WHAT YOU ARE ASKED TO DO: What are the lines below, starting at the line containing "Oh invade me" and ending at the line containing "Miege’s New Coaching"? Write them out exactly, ends included, without pictures.

SOURCE MATERIAL:

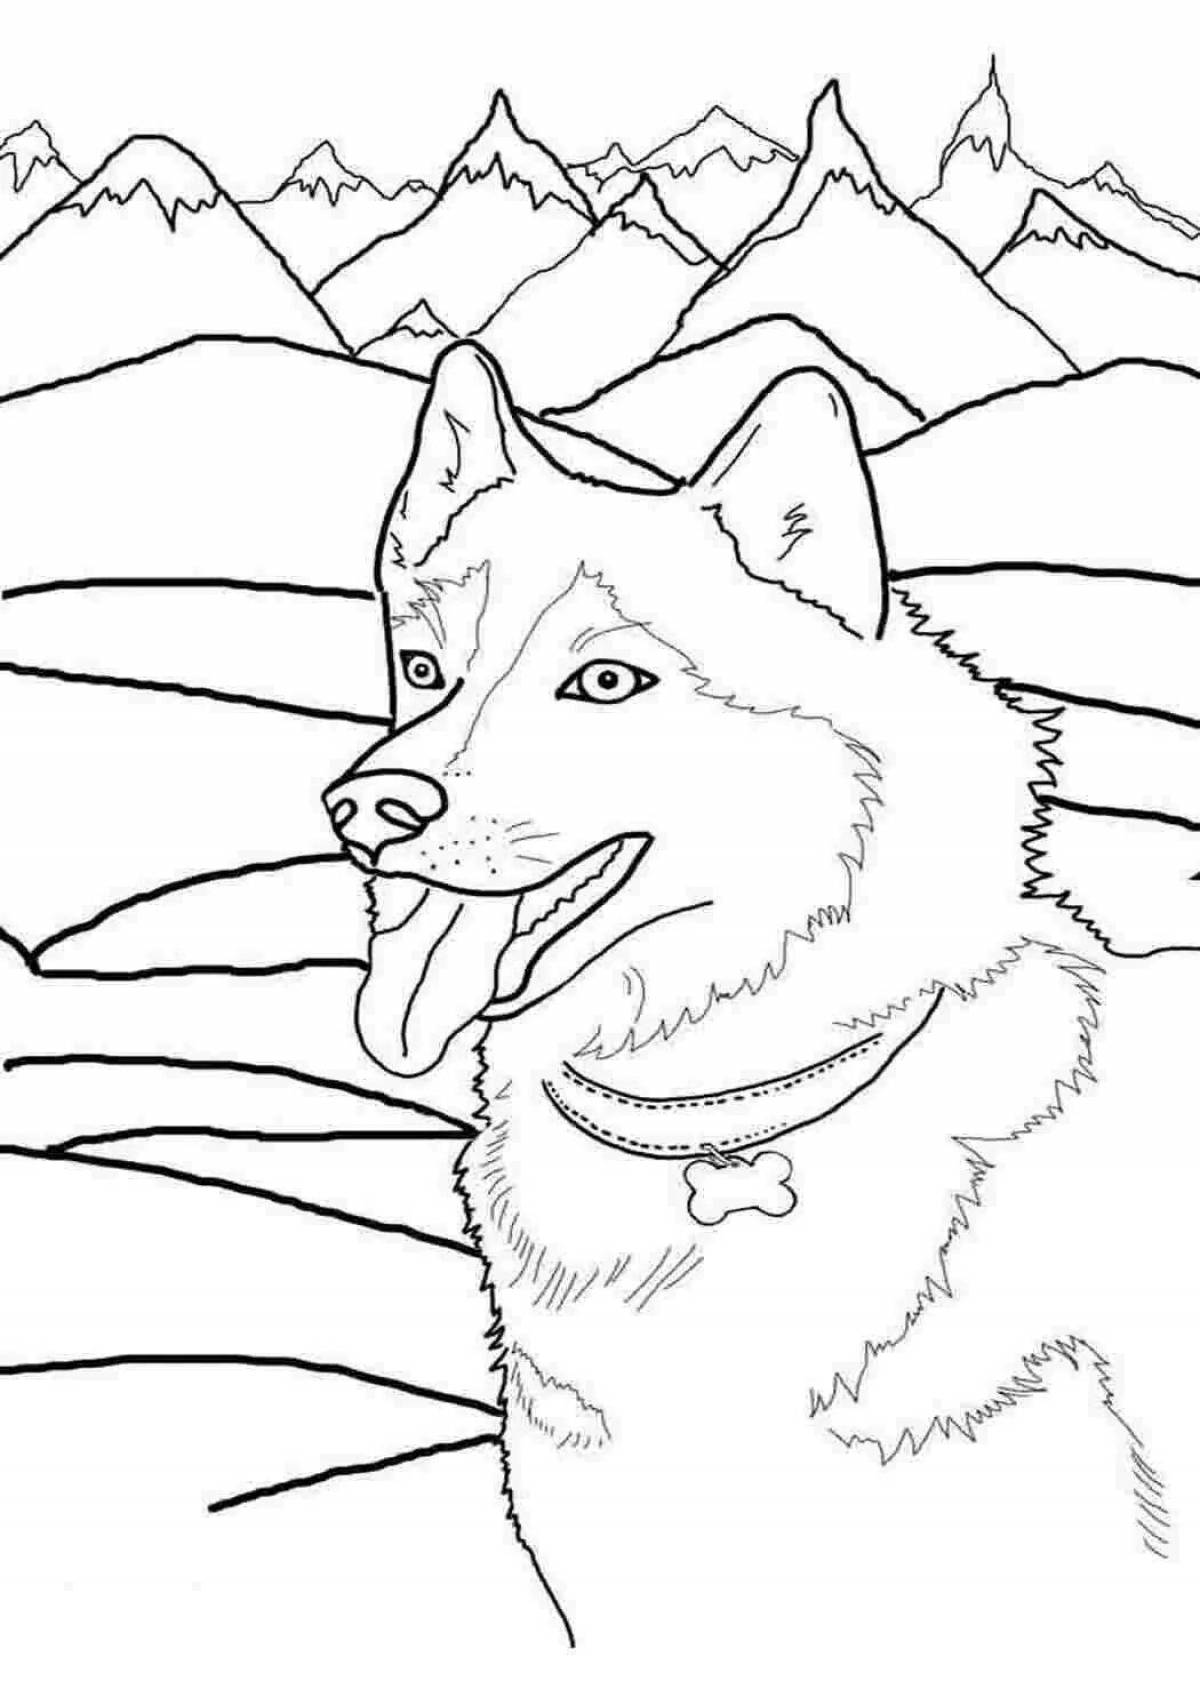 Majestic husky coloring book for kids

==

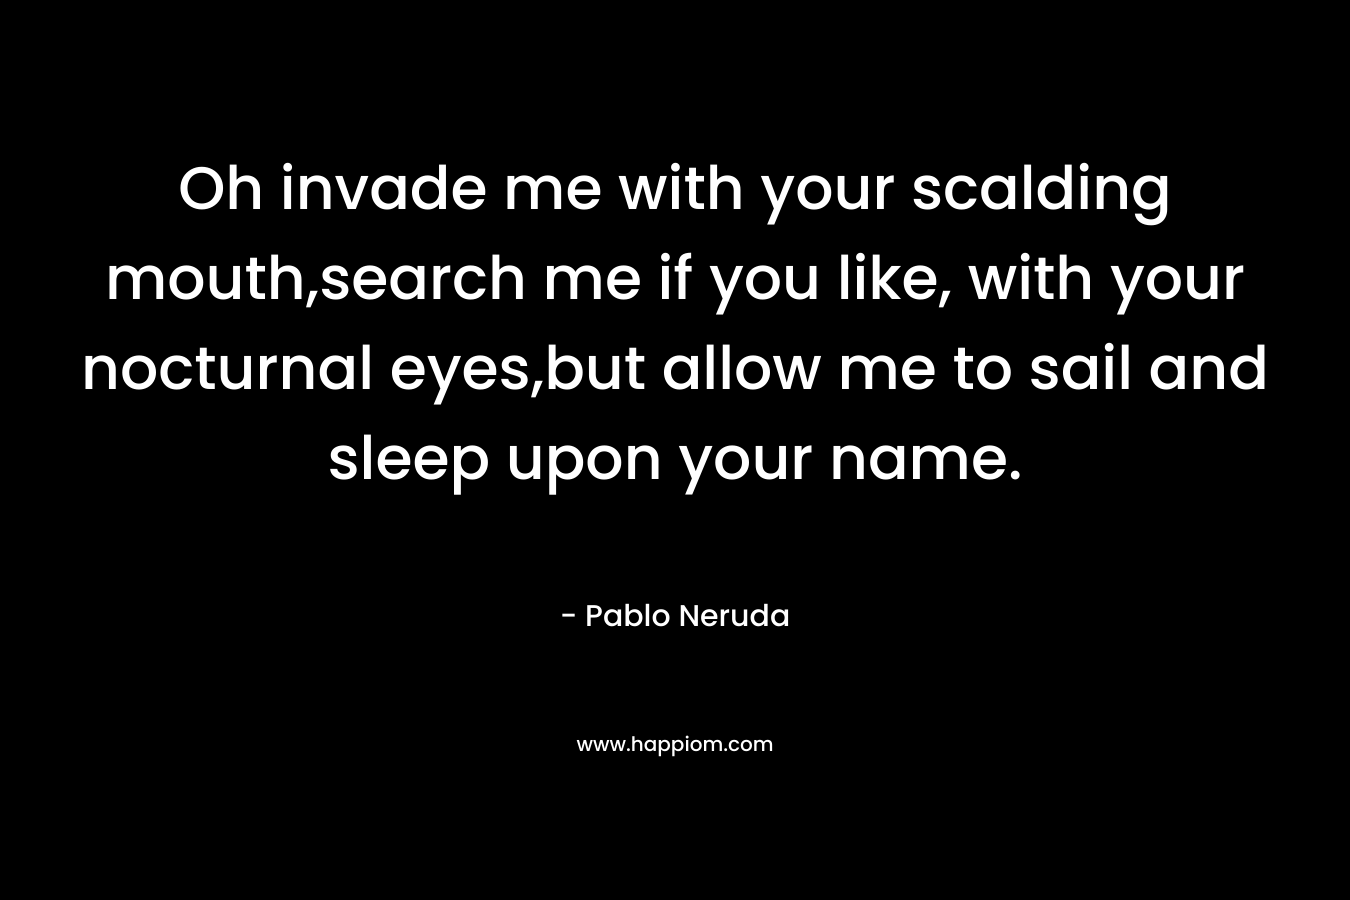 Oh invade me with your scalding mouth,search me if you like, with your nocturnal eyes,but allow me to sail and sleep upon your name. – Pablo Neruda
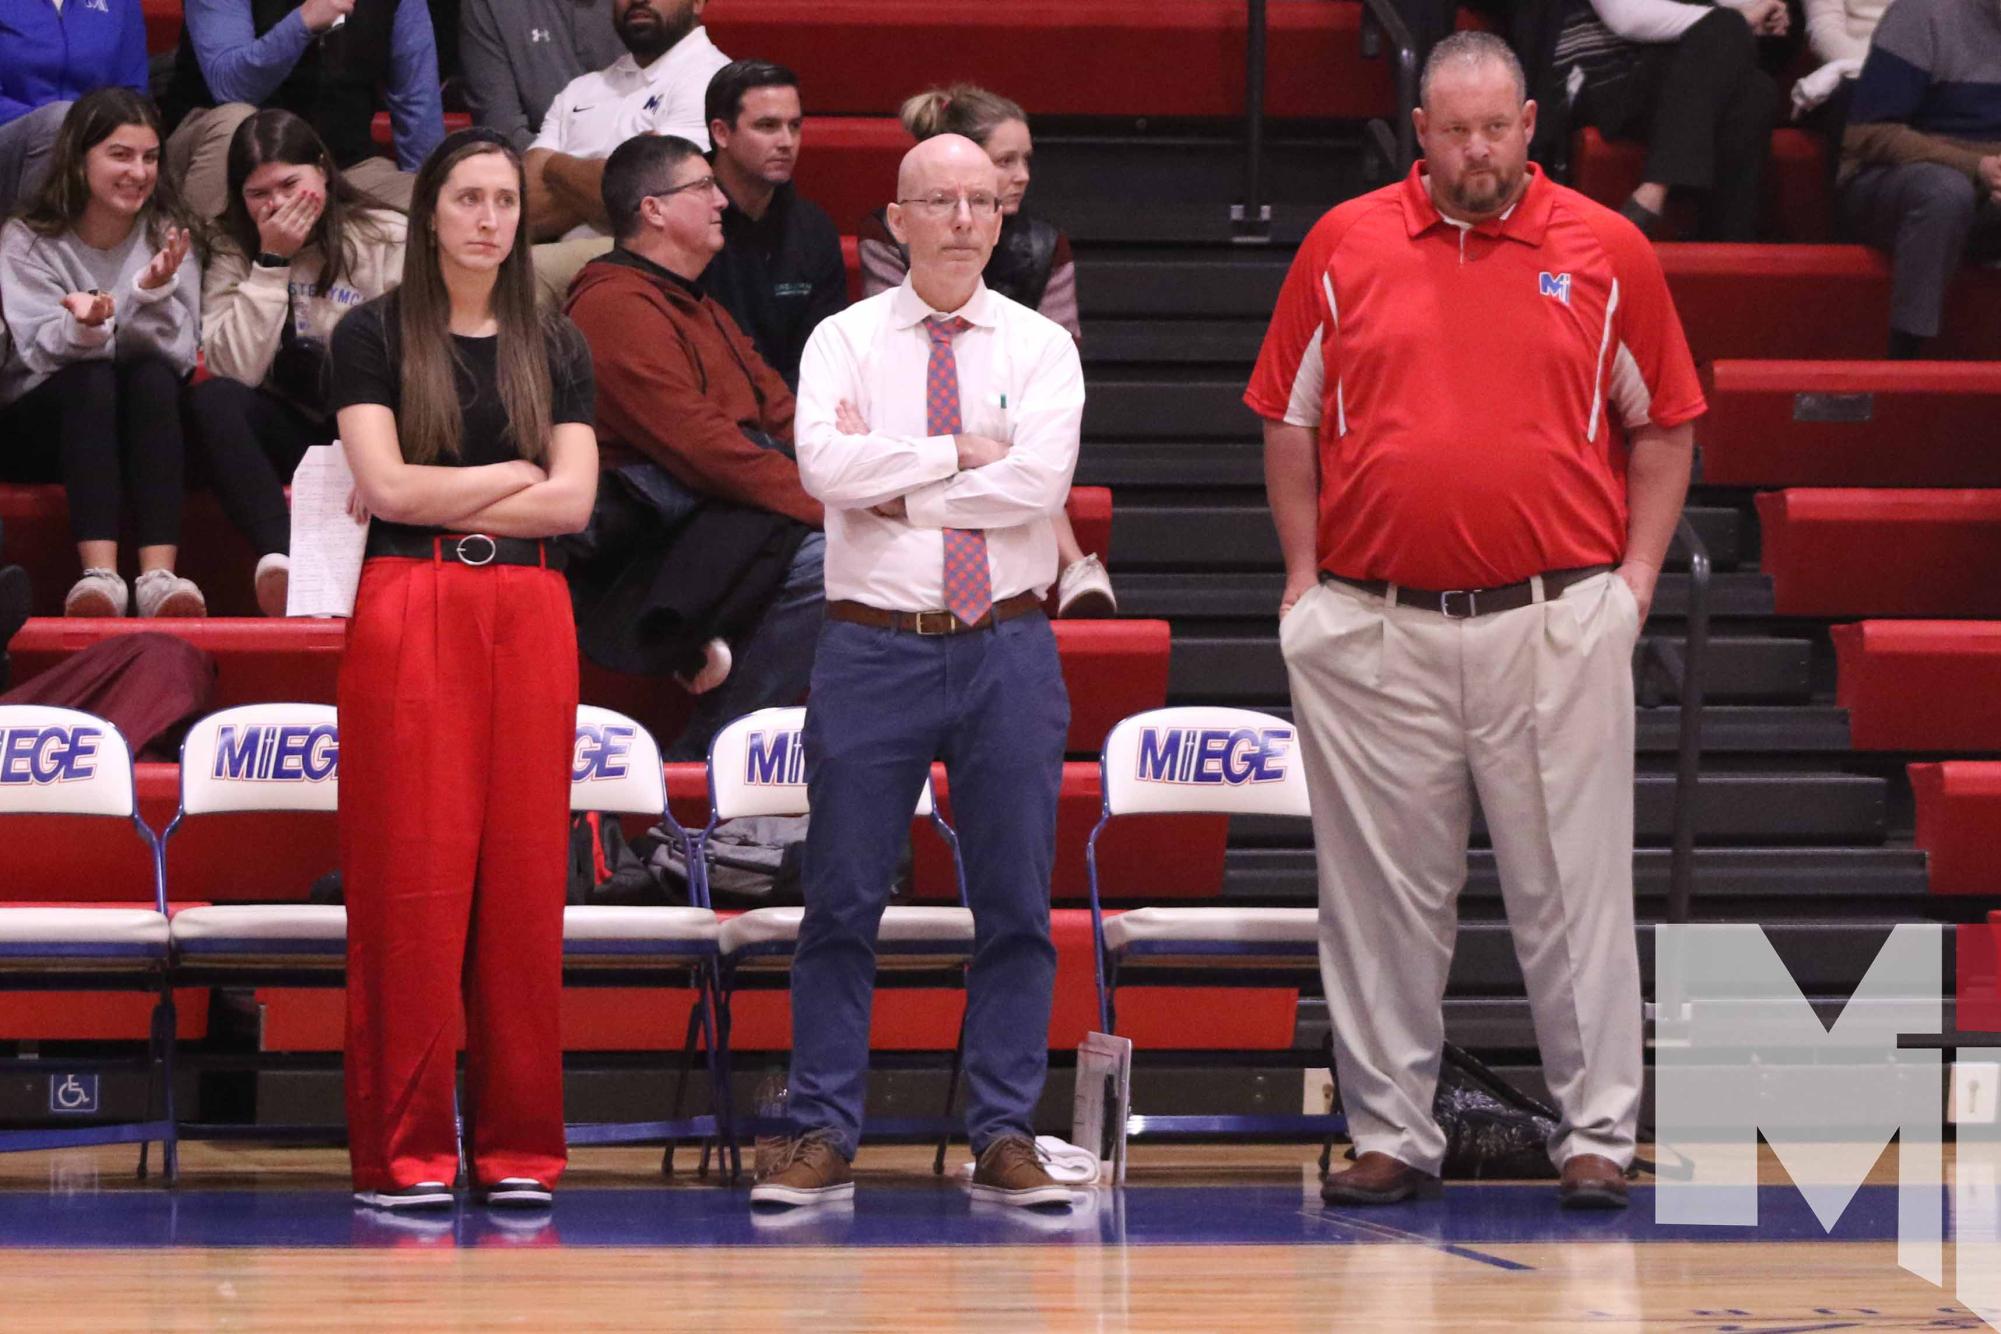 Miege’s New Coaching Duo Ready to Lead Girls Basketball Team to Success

* * *

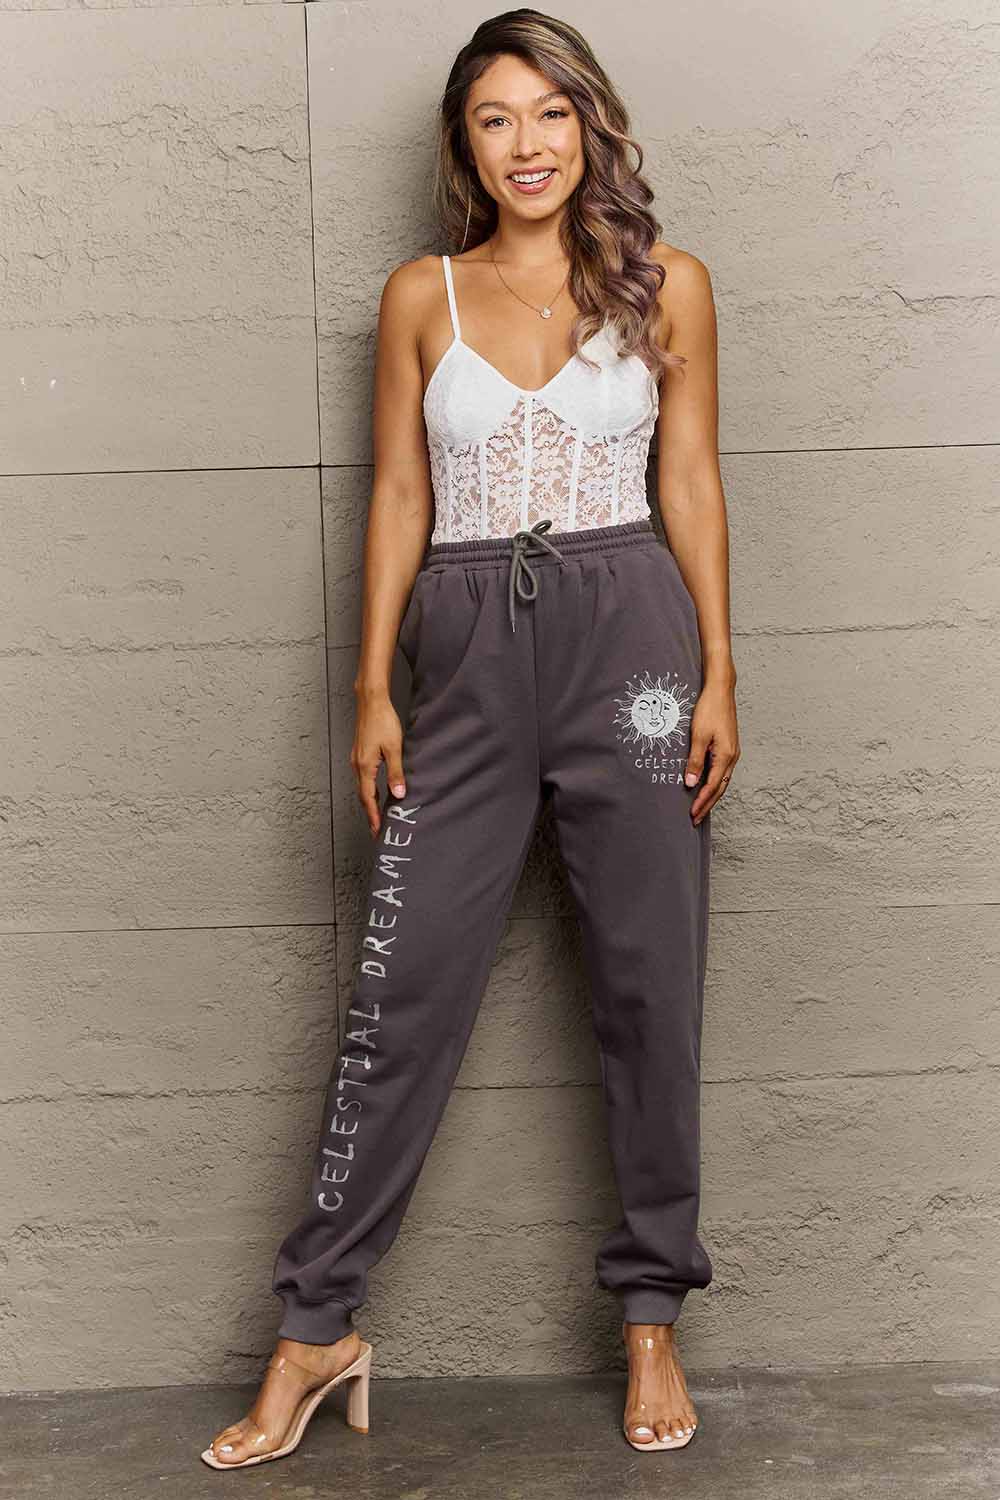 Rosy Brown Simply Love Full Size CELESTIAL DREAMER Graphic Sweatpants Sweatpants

OUTPUT FOR THIS EXERCISE:
 Oh invade me with your scalding mouth,search me if you like, with your nocturnal eyes,but allow me to sail and sleep upon your name. – Pablo Neruda
 Miege’s New Coaching Duo Ready to Lead Girls Basketball Team to Success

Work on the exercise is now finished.